Compared with a bi-parental QTL analysis, a genome-wide association study (GWAS) is a more efficient way to identify the genes underlying a complex trait as it has the advantage of being able to study abundant variations in natural populations (Huang et al., 2010). Recently, a GWAS has been used to identify QTLs for LTG. Fujino et al. (2015) conducted a GWAS using 63 accessions with 117 markers and discovered 17 QTLs associated with LTG, nine of which were co-localized with QTLs identified before. Using a core collection (Rice Diversity Panel 1, RDP1) of rice, a total of 42 QTLs were identified as being associated with cold tolerance during the germination and seedling stages (Shakiba et al., 2017). Through a GWAS, 11 QTLs were found to be associated with LTG among Rice Diversity Panel 2 (RDP2) and two candidate genes were narrowed down (Yang et al., 2020c). OsSAP16 was cloned using 187 natural accessions by GWAS in rice (Wang et al., 2018b). Yang et al. (2020b) found 159 LTG-related QTLs in Indica accessions, only 12 of which were co-localized with previously reported cold tolerant QTLs. Consequently, a GWAS can identify new QTLs for LTG and provide new insights in to the genetic basis of LTG in rice.
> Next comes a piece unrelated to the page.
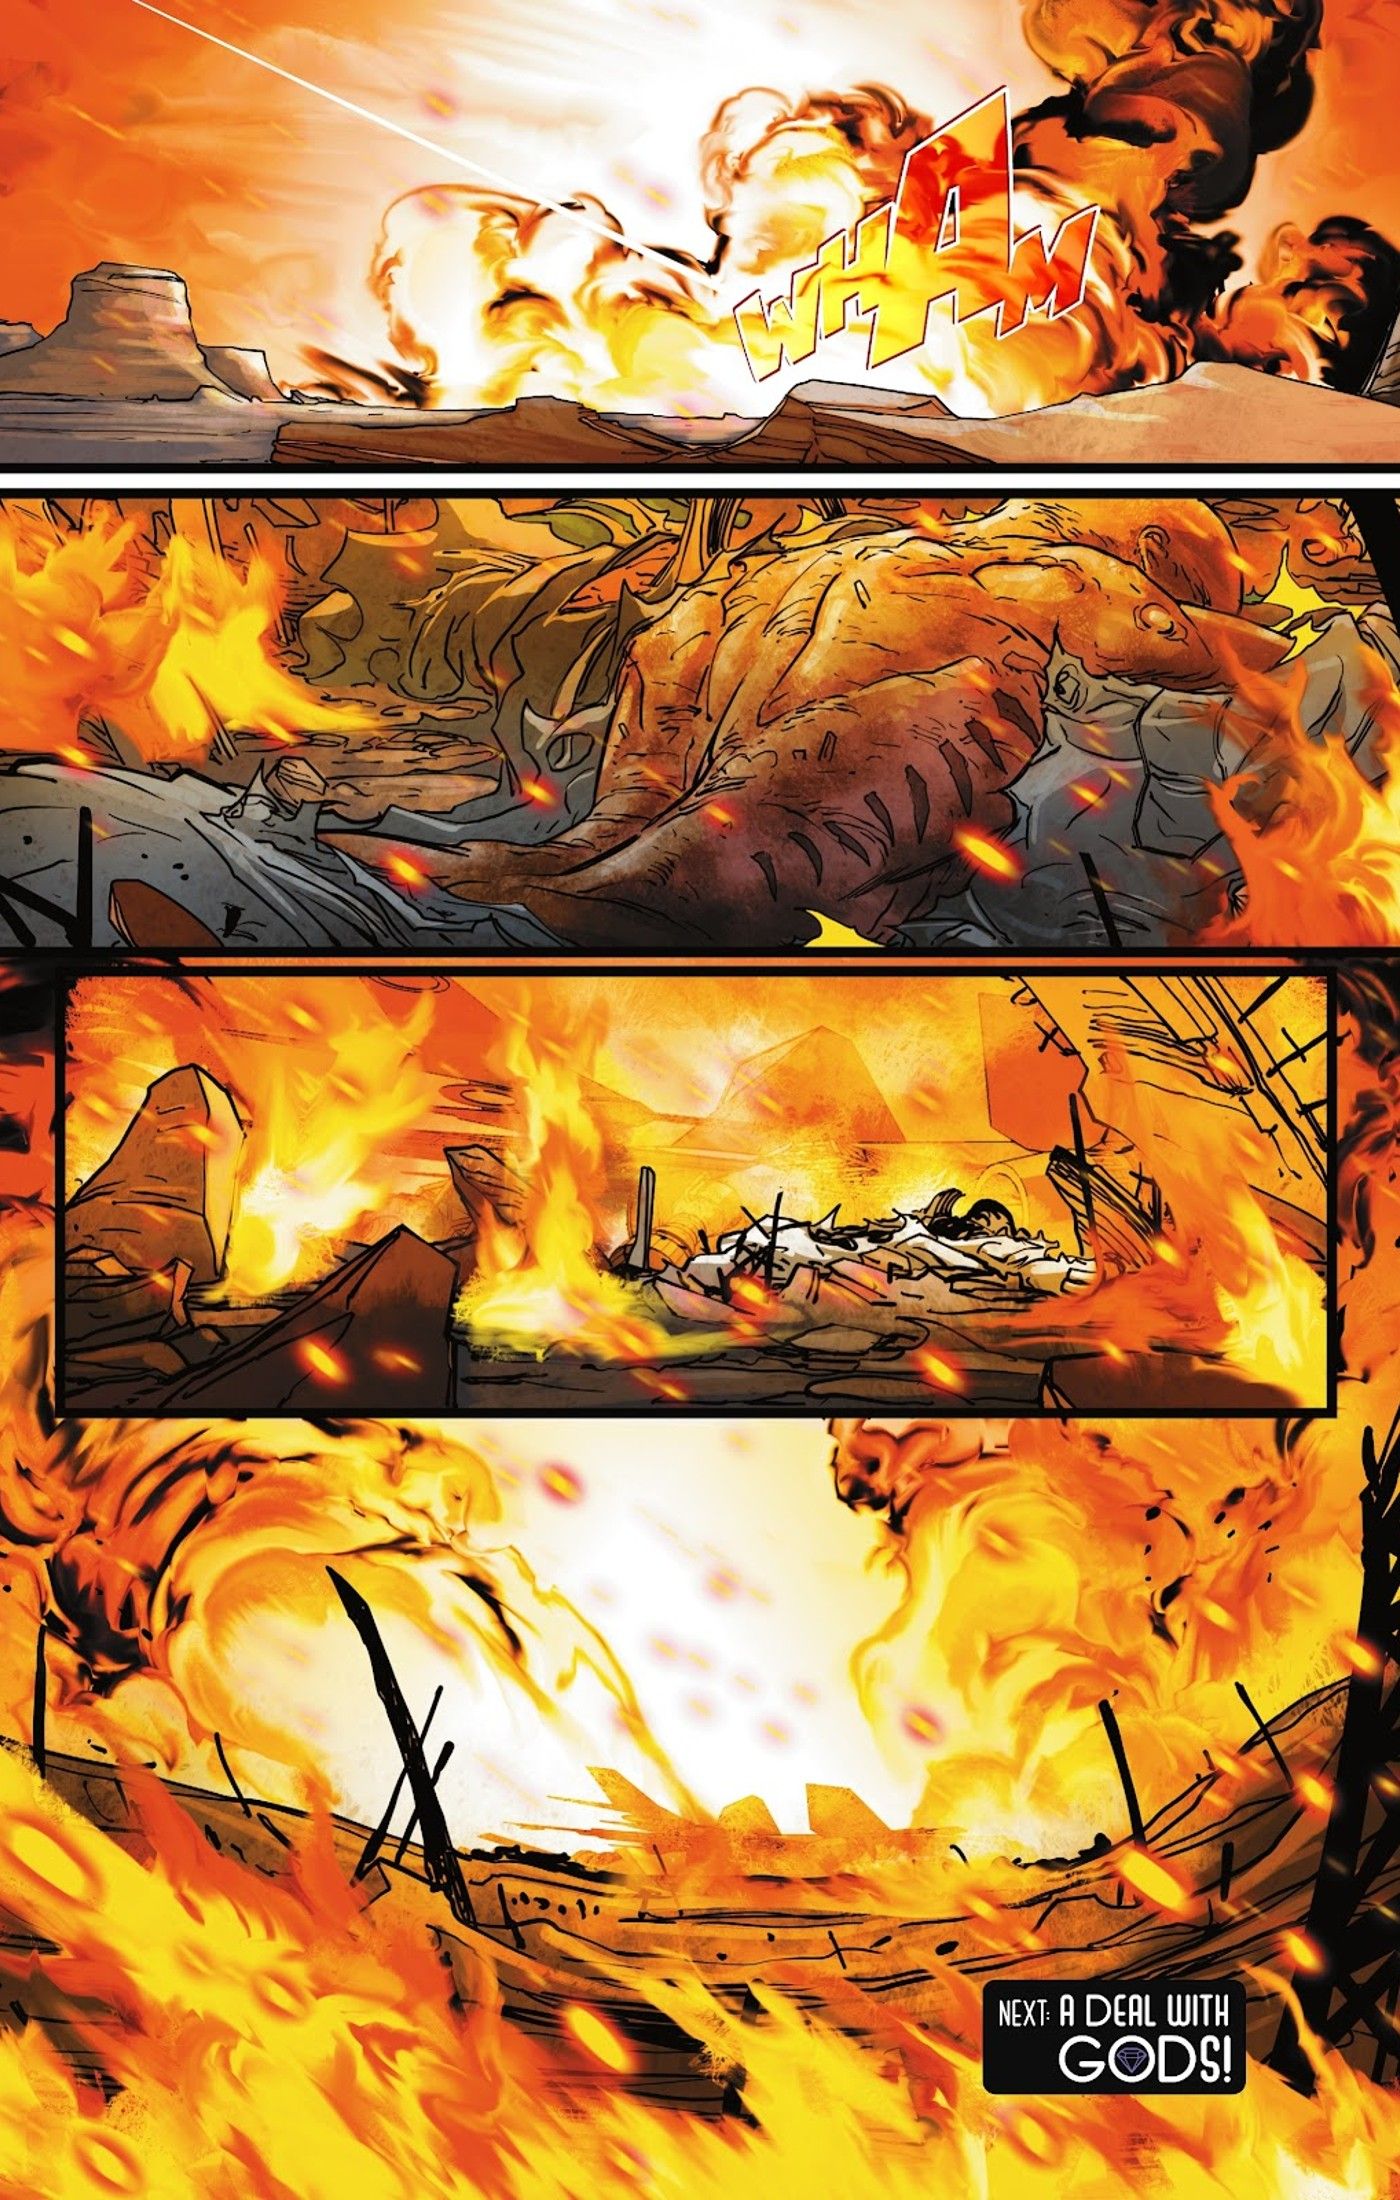 Painéis de quadrinhos: Mulher-Gato bate uma aeronave e ela queima violentamente.
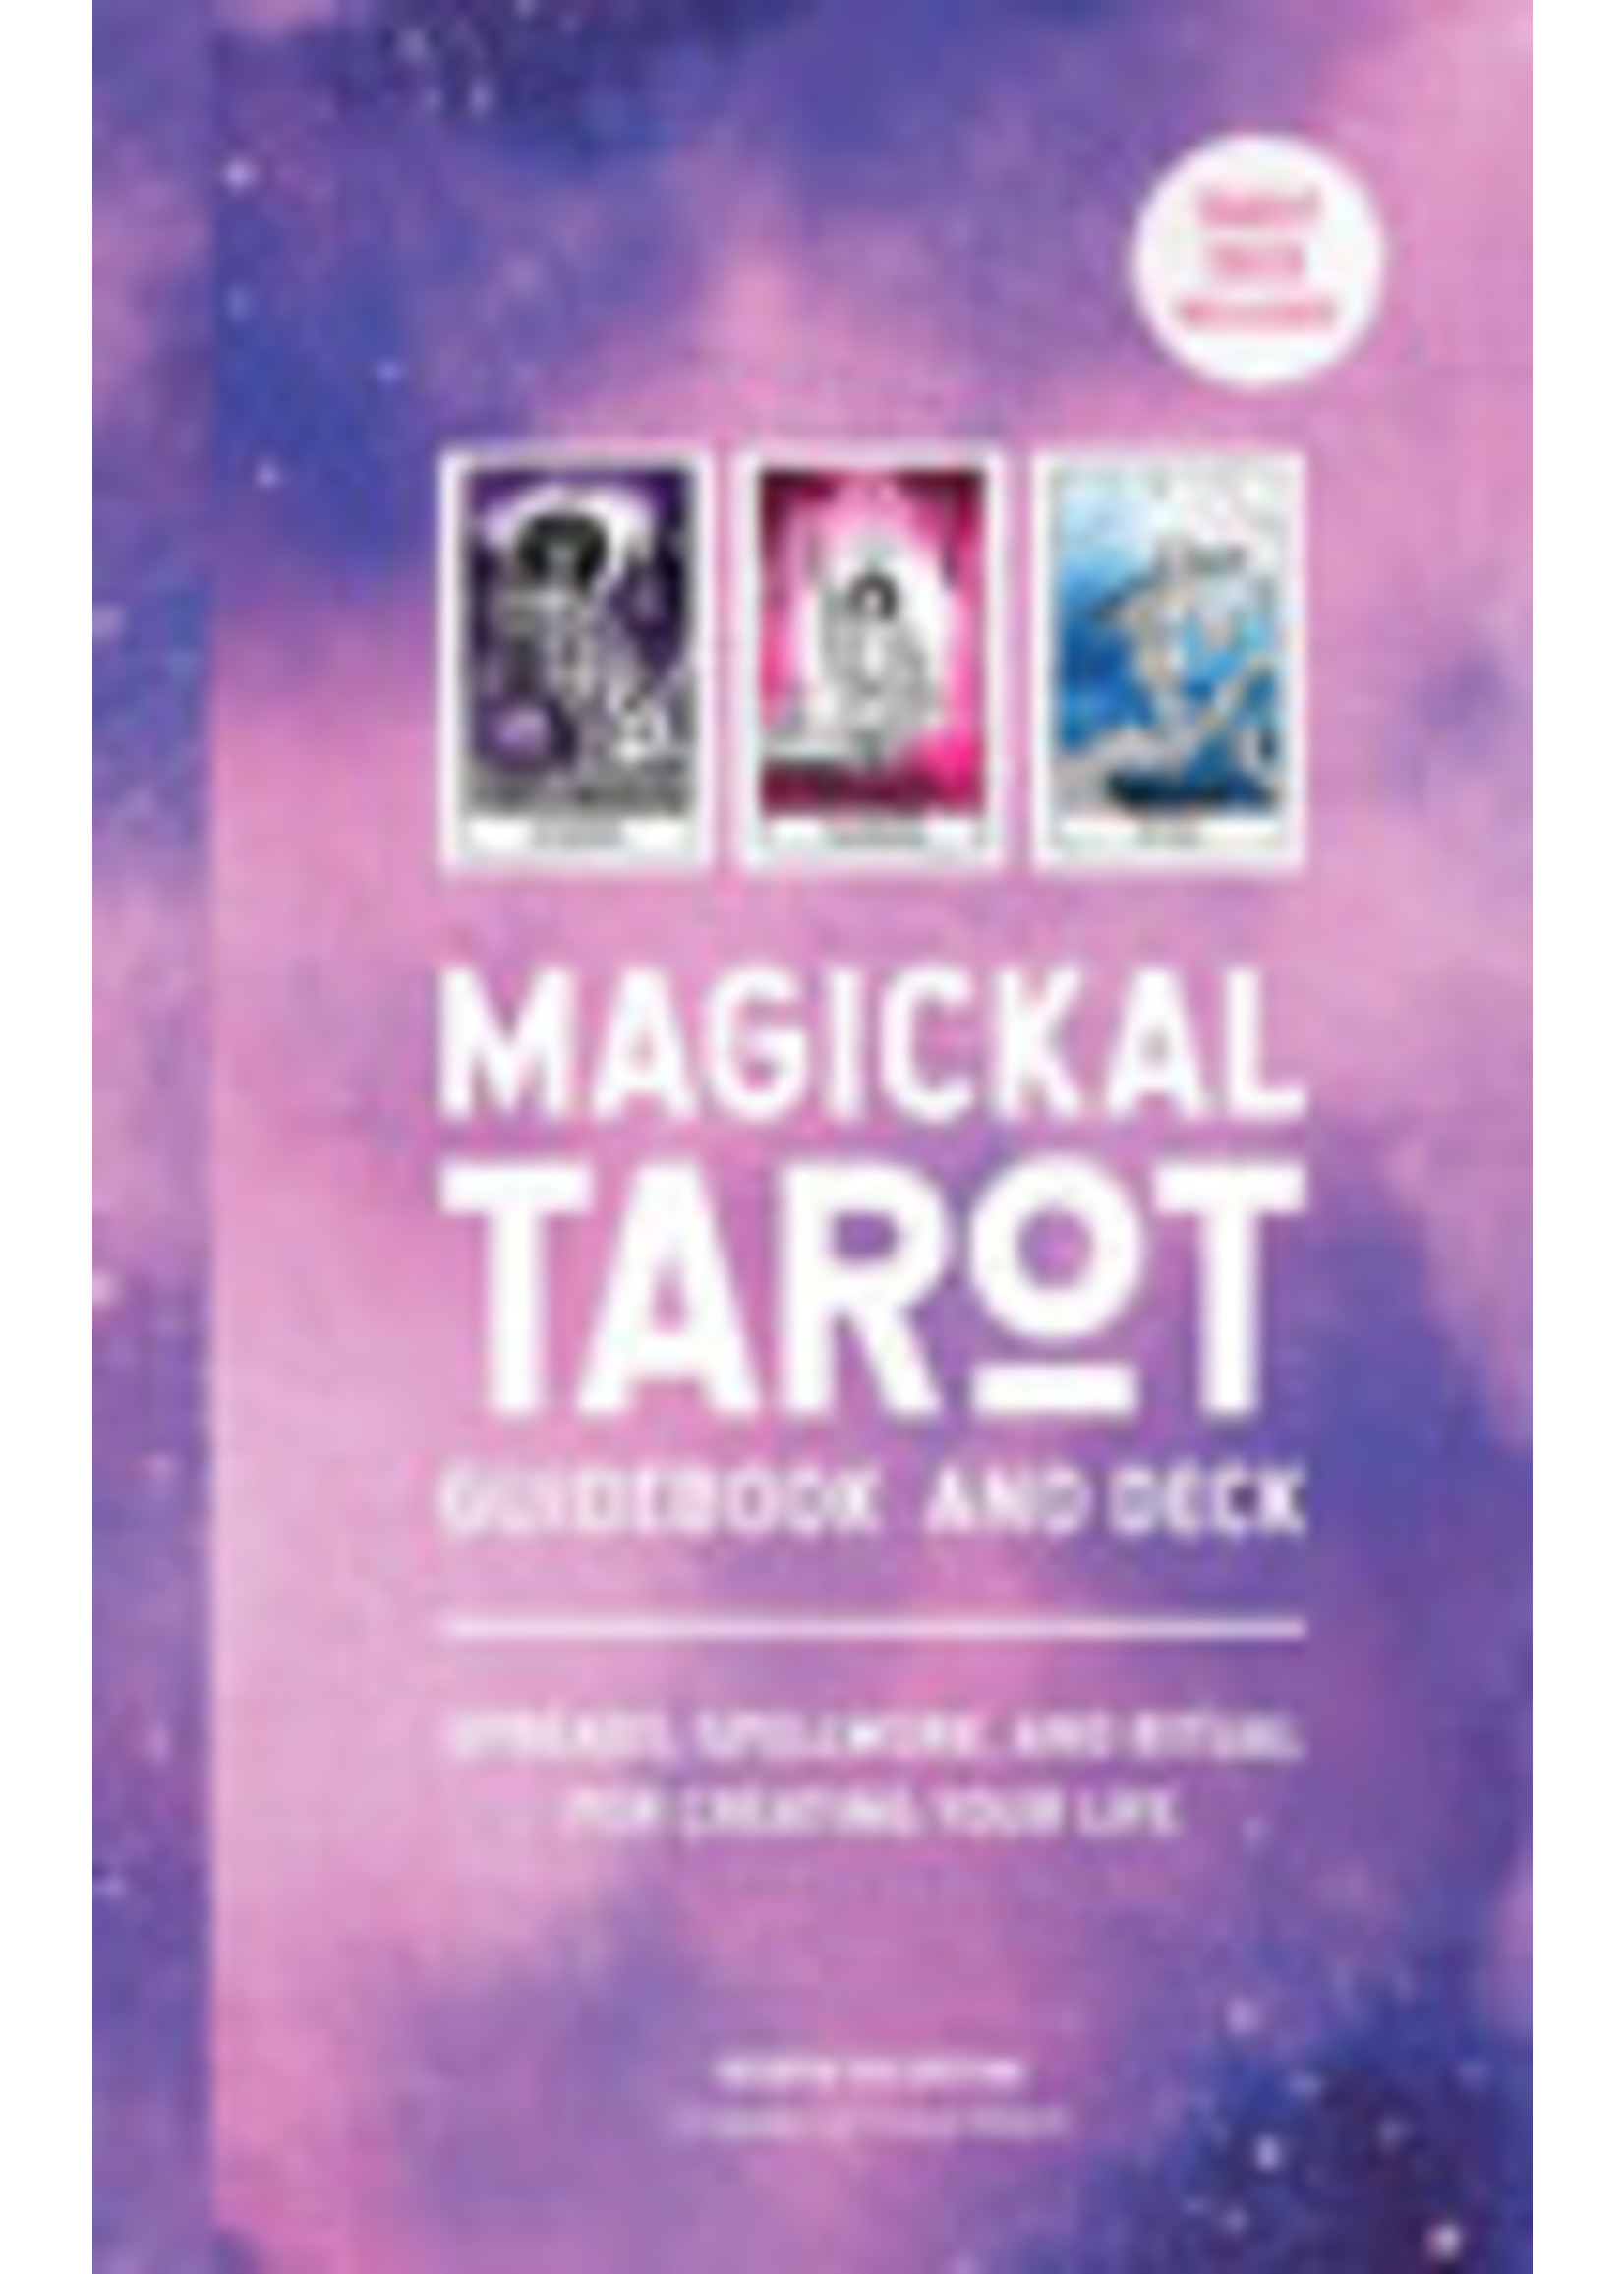 Magickal Tarot

In this study, a collection of 276 rice accessions from the 3K-RG project with high density SNPs were used to perform a GWAS in order to uncover potential QTLs and identify candidate genes for LTG. The favorable haplotype and SNPs affecting gene expression from two candidate genes for LTG were identified. These results provide a basis for molecular breeding to enhance LTG and further elucidate the mechanisms in rice.

Materials and Methods

Plant materials

In this study, a collection of 276 rice accessions were selected from the 3K-RG project. All rice accessions were cultivated in the same geographical location in Huai’an (119°0′14″E, 33°38′43″N), Jiangsu province in 2019 and 2020. Each accession was subject to the same field management in 2019 and 2020. To eliminate error results caused by marginal effects, every rice accession was planted in a 5 × 5 block within the 3 m × 3 m square, and five plants of each accession were randomly chosen from the middle of each square as the experimental subjects.

LTG measurement

The seeds of each rice accession were collected independently in a nylon bag with dense nets to air dry seeds for 2 weeks. After that, air-dried seeds were placed in the oven at 50 °C for 7 days to break primary dormancy. A total of 100 plumped seeds of each rice accession were extracted and spread on a round wet filter paper and kept at 15 °C and in darkness for germination. The number of germinated seeds was recorded daily from D6 to D10 with a seed shoot or root exceeding 0.1 cm considered a germinated seed (Wang et al., 2018c; Akhtamov et al., 2020; Najeeb et al., 2020). Seed germination rate = germinated seeds/100. LTG was assessed according to the germination rate of each recorded day.

SNP filter analysis

The genetic variations of 276 rice accessions are available publicly in the 3K-RG database and the information for all SNPs can be downloaded from the website for free (https://snp-seek.irri.org/_download.zul). In this study, the set criteria for selecting high-quality SNPs were based on (1) minor allele frequency (MAF) ≥0.05 and (2) number of accessions with minor alleles ≥6 (Yang et al., 2014). After filtering, only high-quality SNPs were retained. A slide window of 1 Mb was adopted to demonstrate the distribution of variants in all 12 chromosomes to determine the density of the SNPs. The detected SNPs were annotated and the possible effects were predicted through ANNOVAR (Wang, Li & Hakonarson, 2010).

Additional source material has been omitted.